Lohnt es sich überhaupt, sich darüber aufzuregen? Ist ja nur „Unterhaltung“; ist ja nur ein lustiger Ansatz, um den üblichen Promi-Talk ein wenig aufzupeppen, oder nicht? So mag das vielleicht der ORF sehen – aber so einfach kann man es sich nicht machen. Ich fasse sicherheitshalber noch einmal den Stand des Wissens zur Astrologie zusammen: Astrologie ist Quatsch. Astrologie funktioniert nicht. Es gibt keinen Grund, warum Astrologie funktionieren sollte. Es gibt viele Gründe, die zeigen, dass sie nicht funktionieren kann.

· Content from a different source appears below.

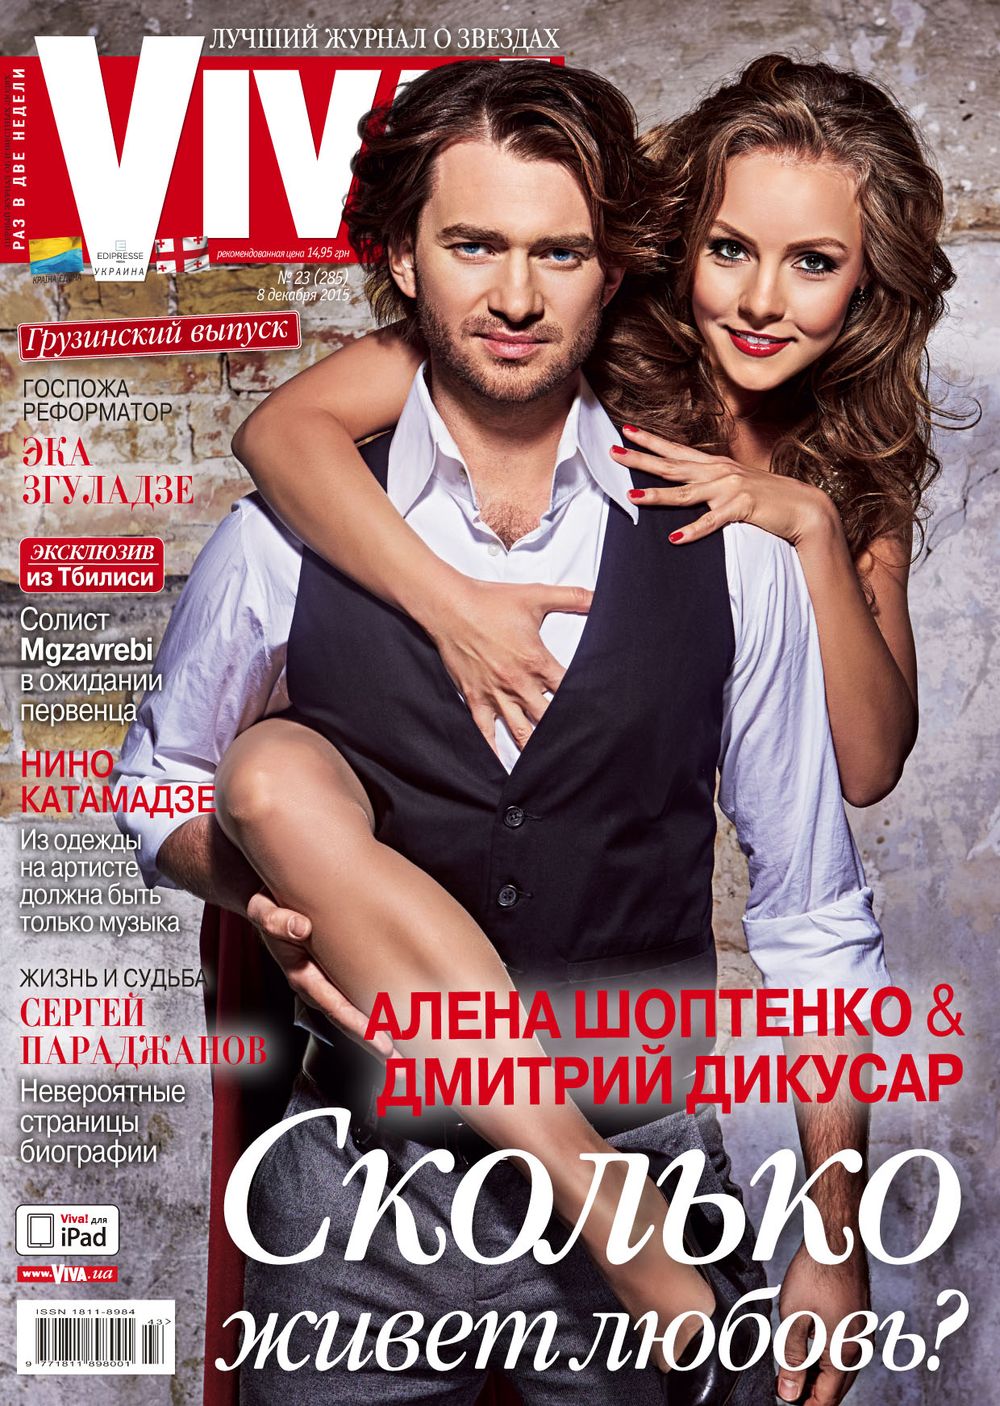 Алена Шоптенко и Дмитрий Дикусар на обложке журнала Viva!

Man kann belegen, dass Astrologie nicht funktioniert.

turi2

Sternen-Schwurbelei: Der ORF macht mit seiner neuen Astro-Show Blick in die Sterne eine „völlig unkritische Astrologiesendung ohne wissen­schaftliche Einordnung“, kritisiert „Standard“. In einem Talk mit zwei Promis, moderiert u.a. von „Astro-Influencerin“ Lori Haberkorn (auf dem Foto links), werde „Nonsens auf niedrigem Niveau“ geboten. Man könnte sagen, die Sendung steht angesichts des Verrisses schon jetzt unter keinem guten Stern.

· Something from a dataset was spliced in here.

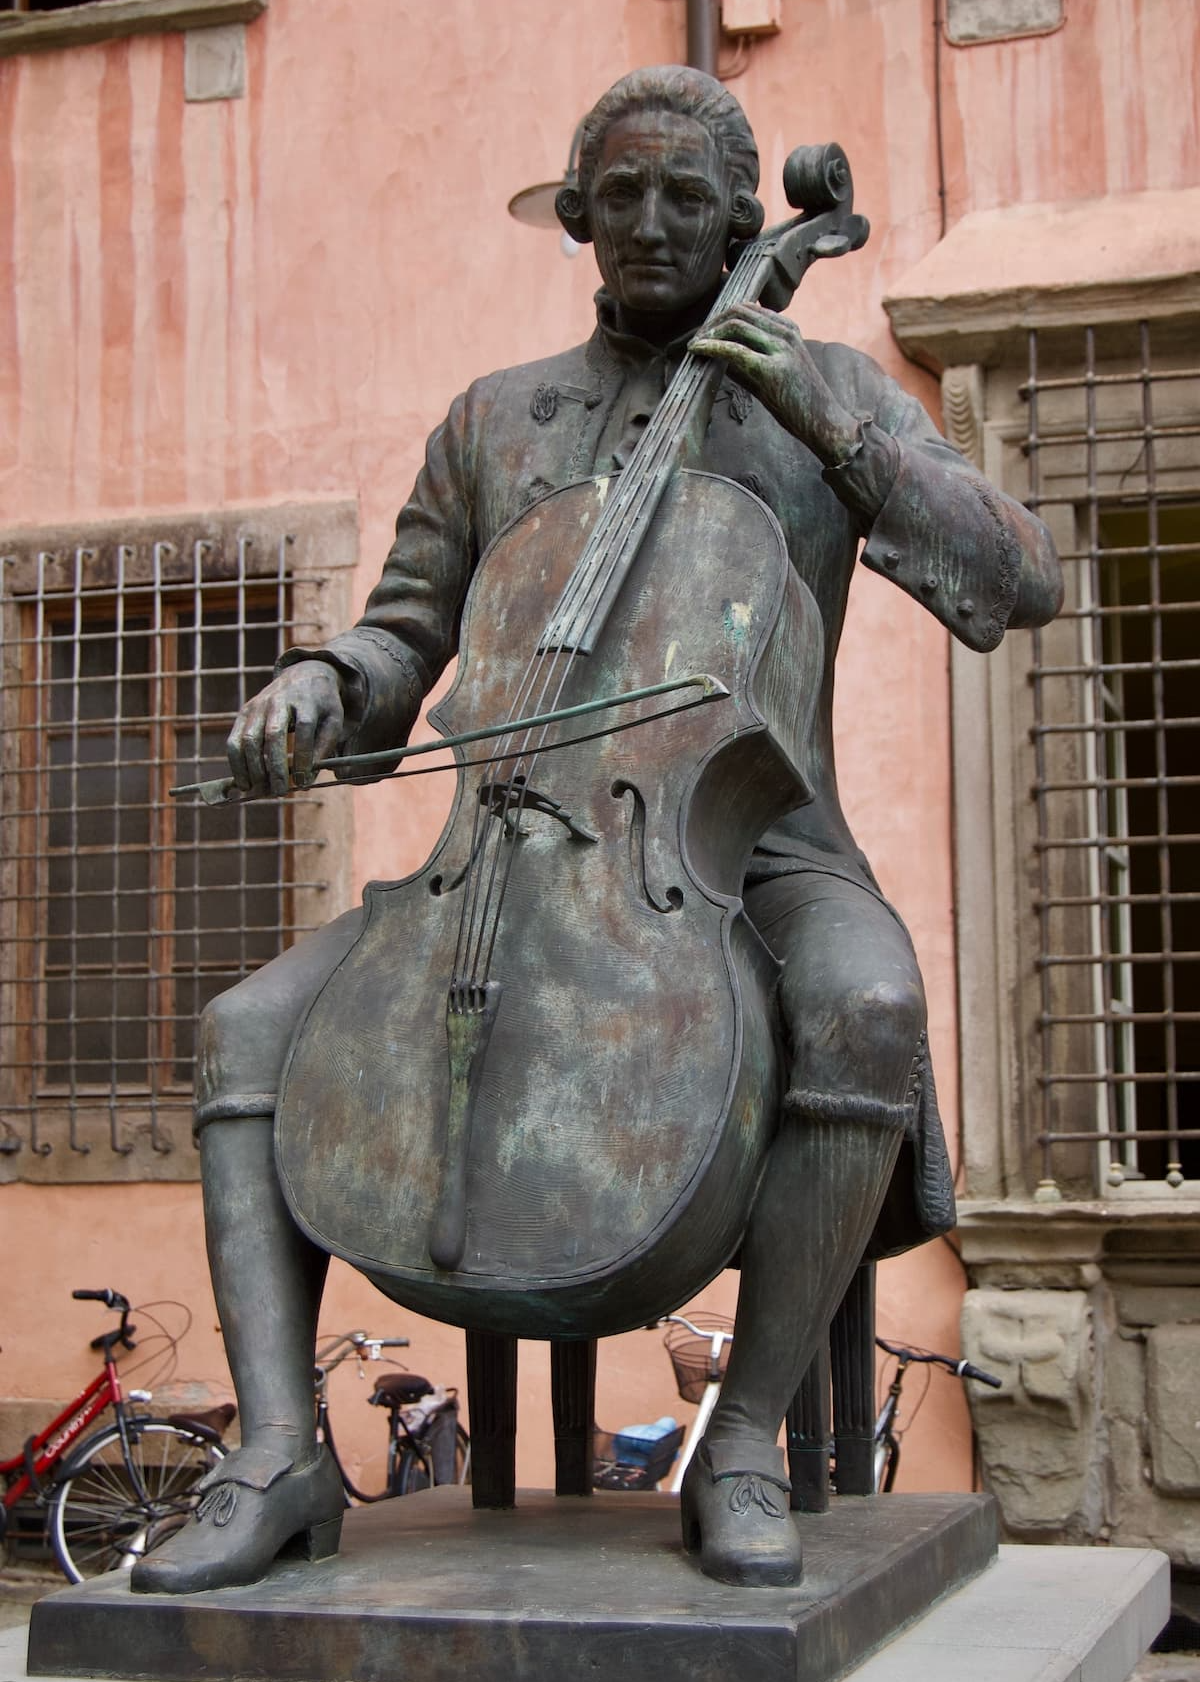 바이올린을 연주하고 있는 루이지 보케리니 동상이 있는 이미지입니다.

Florian Freistetter im Standard

Natürlich ist eine Astrologieshow im öffentlich-rechtlichen Rundfunk mit Bildungsauftrag ein No-Go. Das bedeutet nicht, dass Astrologie nicht im ORF-Programm vorkommen oder diskutiert werden kann. Aber einen so eindeutig unwissenschaftlichen Aberglauben wie die Astrologie völlig unkritisch als etwas zu präsentieren, mit dem man Erkenntnisse über den Charakter von Menschen oder ihre Zukunft erhalten kann, ist nicht nur kein adäquates Format, sondern aktive Behinderung von Wissensvermittlung.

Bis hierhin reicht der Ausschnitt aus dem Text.